-- Information provided --

···

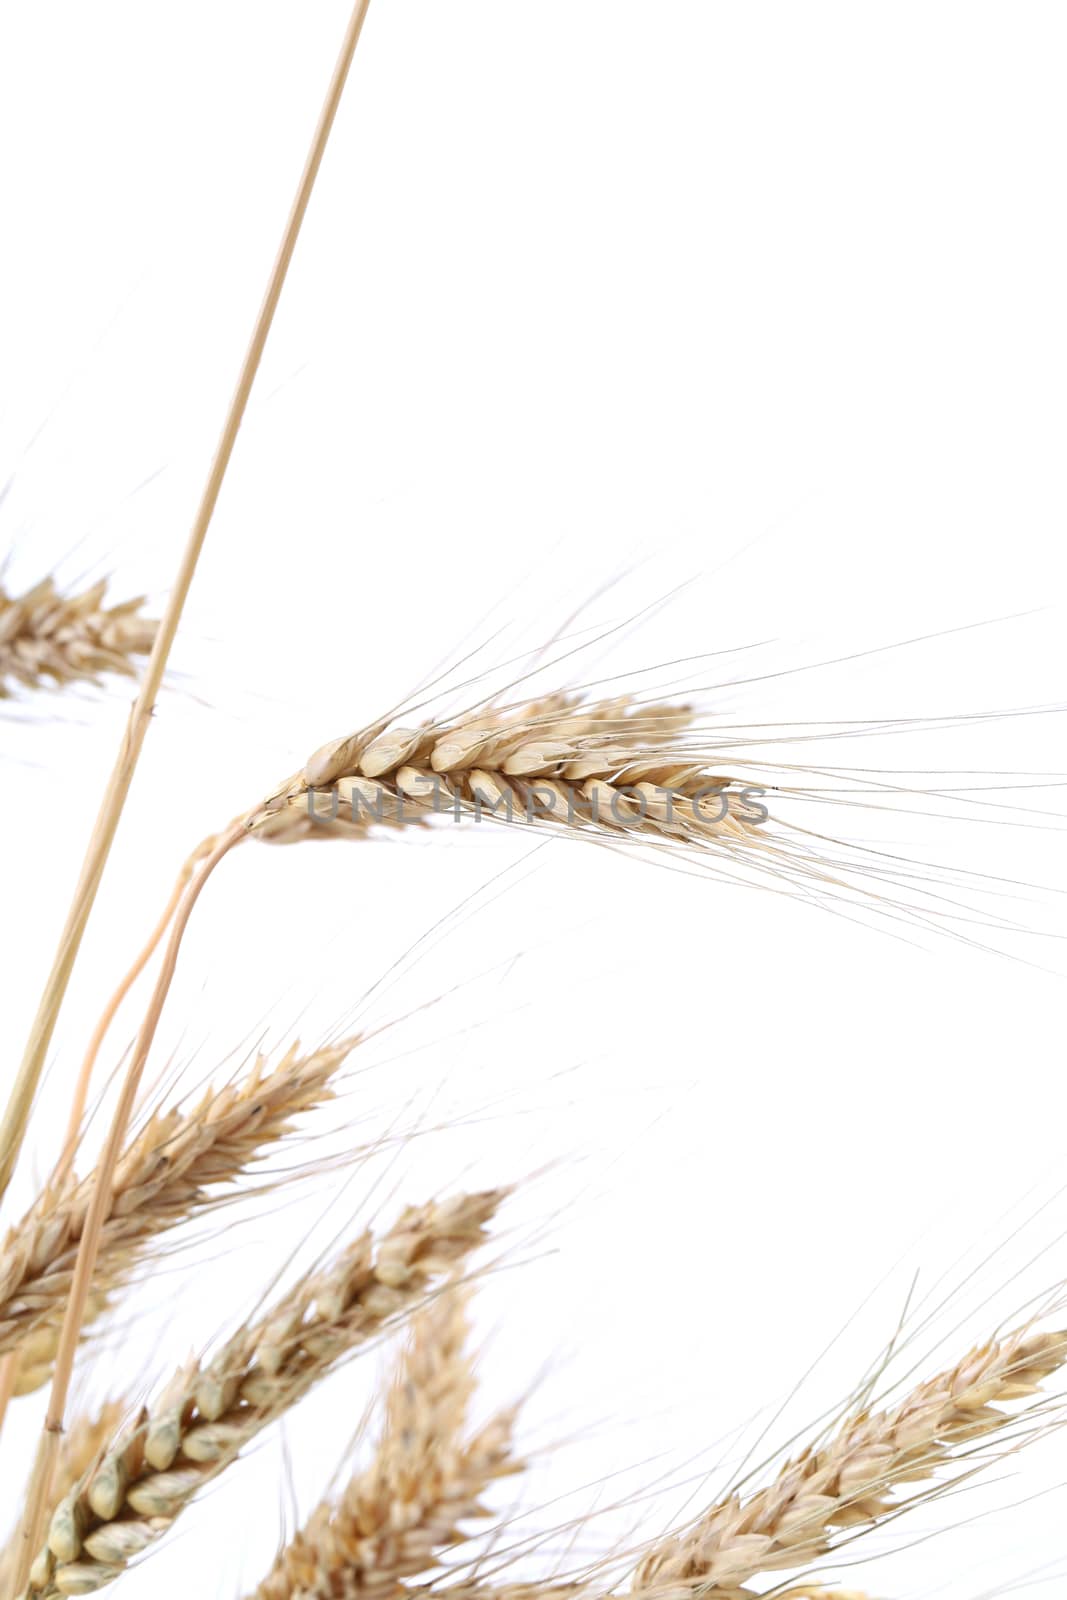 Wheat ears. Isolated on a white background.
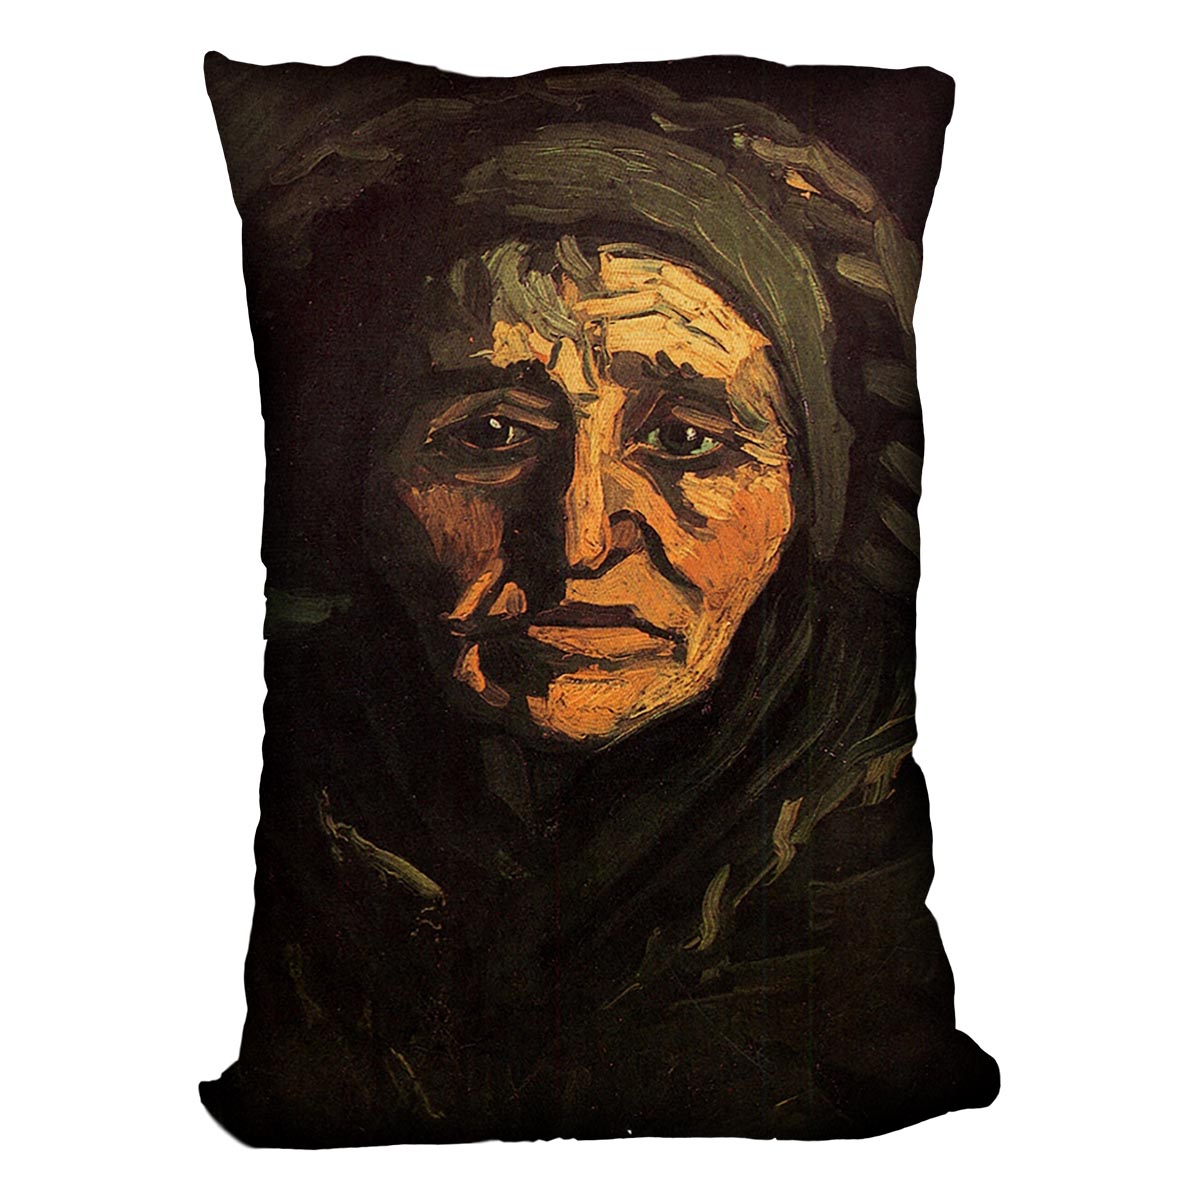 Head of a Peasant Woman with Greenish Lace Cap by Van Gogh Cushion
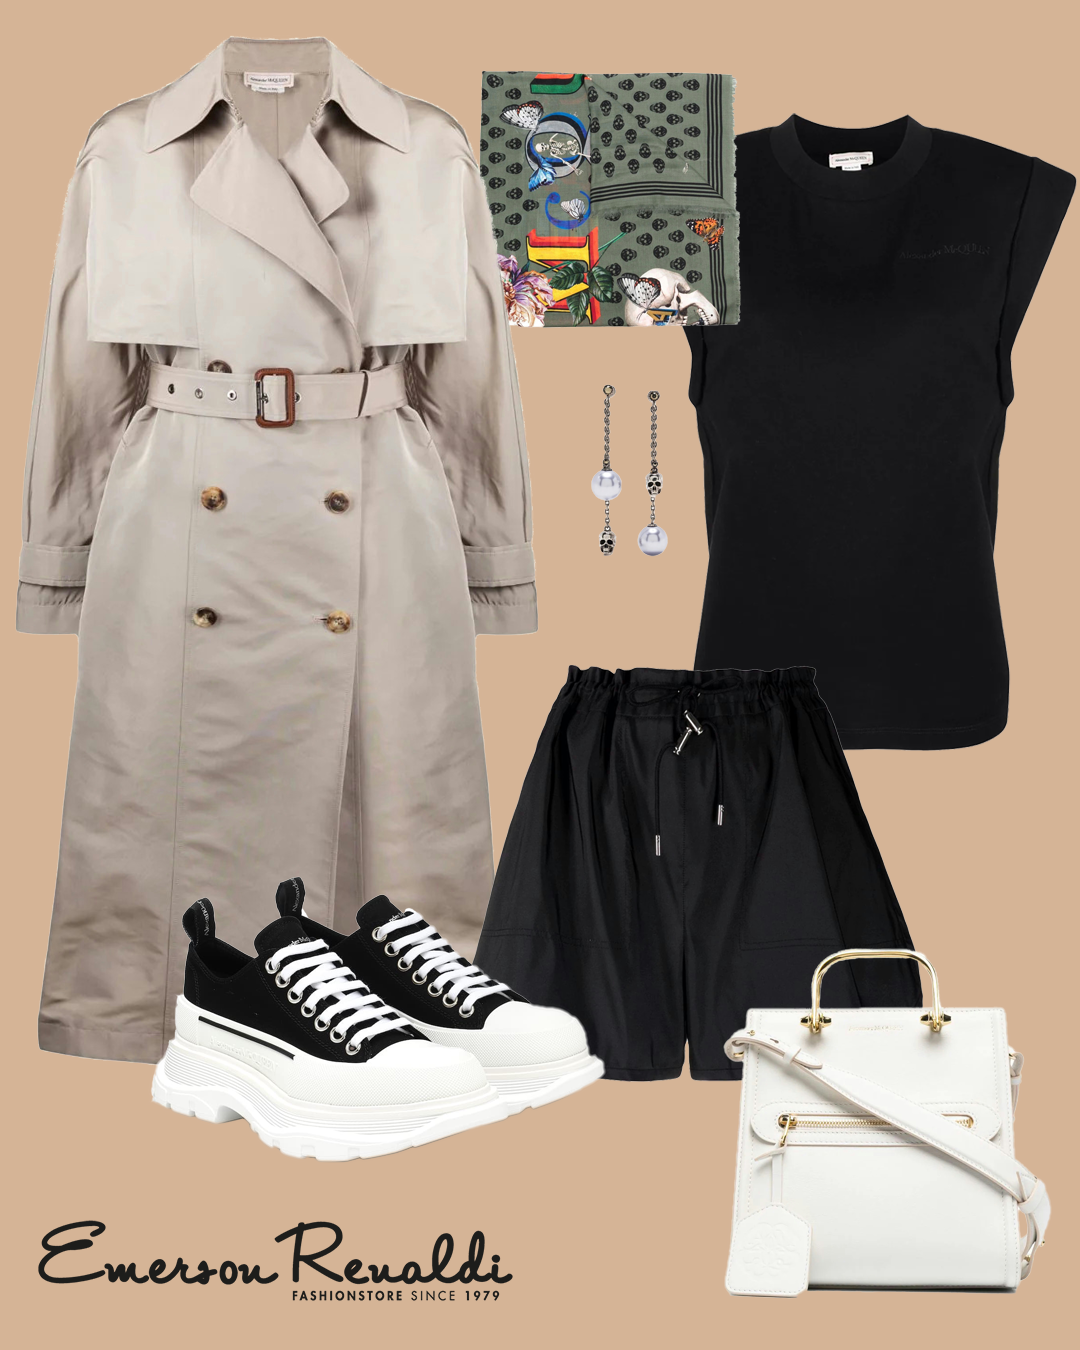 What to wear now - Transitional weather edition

···

-- Your goal --
Line for line, retype the material exactly, omitting any pictures.

-- The completed task --
 Wheat ears. Isolated on a white background.
 Head of a Peasant Woman with Greenish Lace Cap by Van Gogh Cushion
 What to wear now - Transitional weather edition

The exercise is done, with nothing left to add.